Access comprehensive performance insights for any agent by navigating to **Analytics** in the agent sidebar.

**Date Range Selector** - Filter metrics by Last 7 days, Last 30 days, or Last 3 months to track performance trends

**Key Performance Metrics** - Six primary indicators displayed at dashboard top:

* Tasks completed
* Tasks failed
* Tasks approval rate (for HITL workflows)
* Average runtime per task
* Total runtime across all tasks
* Completion rate percentage

**Evaluation Metrics** - Visual gauges showing:

* Completion rate (percentage of tasks finishing successfully)
* Average evaluation score (mean accuracy across all evaluated nodes)
* Feedback score (positive vs negative user ratings)

## Key Metrics Explained

### Tasks Completed

**What it measures:** Total number of tasks that executed successfully and reached completion without errors.

**Dashboard display:** Numeric count with percentage change from prior period (e.g., "+118.60% from prior period")

**What to monitor:**

* Steady growth indicates healthy agent adoption
* Sudden drops may signal workflow issues or reduced triggering
* Compare against tasks failed to calculate success rate

**Related pages:**

* [Task Executions](/03-running-operations/task-management/task-executions/task-executions) - View individual task details and execution logs

### Tasks Failed

**What it measures:** Total number of tasks that encountered errors and did not complete successfully.

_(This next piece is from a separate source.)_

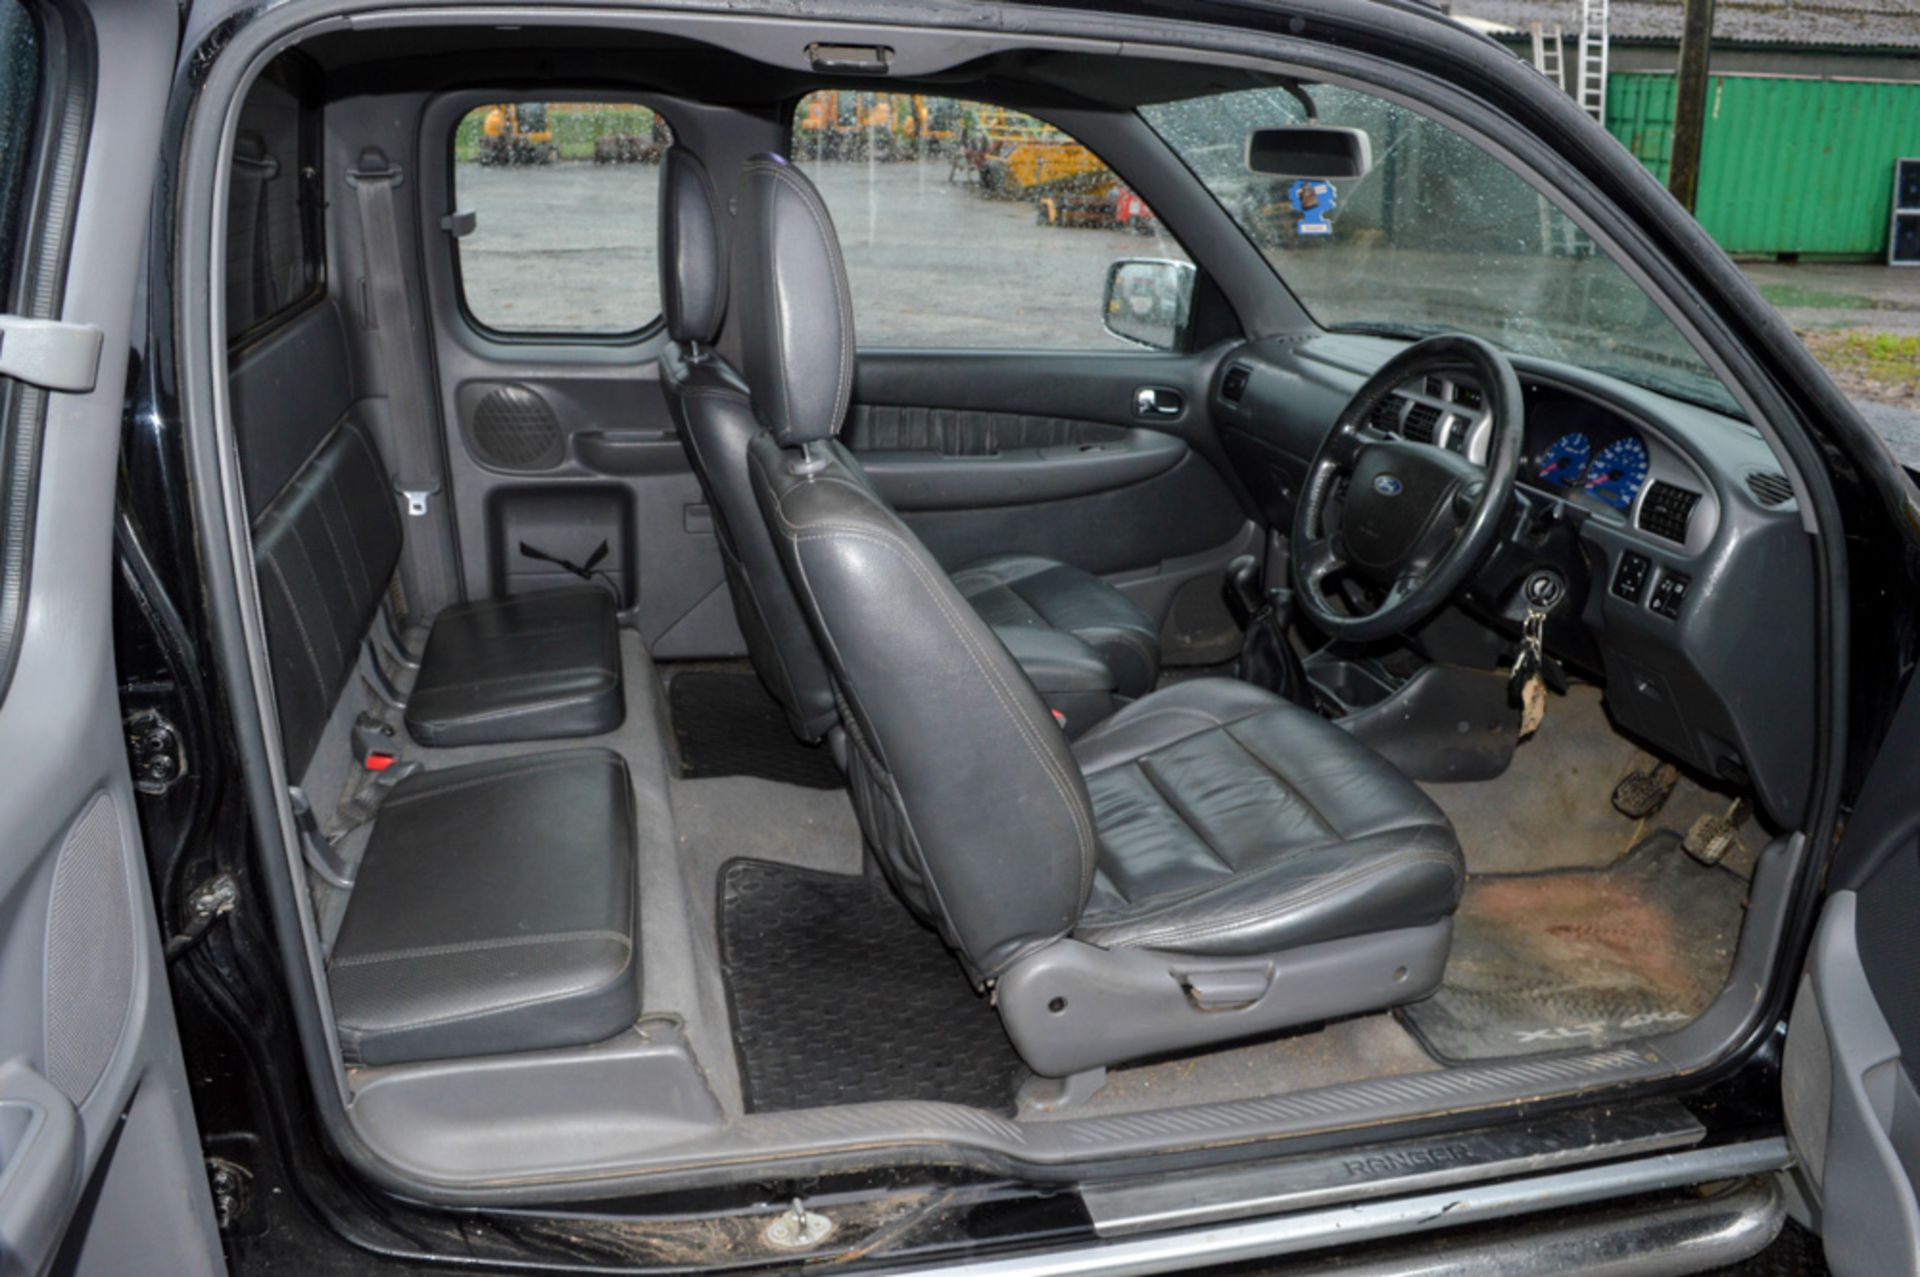 Ford Ranger S-CAB XLT Thunder 4WD manual pick up Registration Number: ML54 EFE Date of registration: - Image 8 of 11

**Dashboard display:** Numeric count with percentage change from prior period (e.g., "-100.00% from prior period" when zero failures)

**What to monitor:**

* Target: 0 failures or \<5% failure rate
* Investigate any non-zero values immediately
* Use [Debug Tools](/03-running-operations/debugging-testing/debug-tools/debug-tools) to diagnose failures

**Common failure causes:**

* Integration authentication errors
* Missing required input data
* Timeout errors on complex workflows
* API rate limiting

**Related pages:**

* [Debug Tools](/03-running-operations/debugging-testing/debug-tools/debug-tools) - Diagnose and resolve execution errors
* [Rerunning Tasks](/03-running-operations/debugging-testing/rerunning-tasks/rerunning-tasks) - Retry failed tasks after fixes

### Tasks Approval Rate

**What it measures:** Percentage of tasks requiring human approval that were approved vs rejected in HITL workflows.

**Dashboard display:** Percentage with change from prior period (e.g., "0% from prior period")

**What to monitor:**

* High rejection rates (>20%) indicate agent output quality issues
* Use rejected task feedback to improve prompts
* Consider adding [Evaluation Criteria](/04-observability-analytics/evaluation-framework/evaluation-framework) to catch issues before human review

**When this appears:**

* Only visible for agents with [Automation Modes](/03-running-operations/task-management/automation-modes/automation-modes) configured for human-in-the-loop (HITL)
* Shows 0% if no approval checkpoints configured

**Related pages:**

* [Automation Modes](/03-running-operations/task-management/automation-modes/automation-modes) - Configure HITL approval checkpoints

### Average Runtime

**What it measures:** Mean execution time per task from trigger to completion.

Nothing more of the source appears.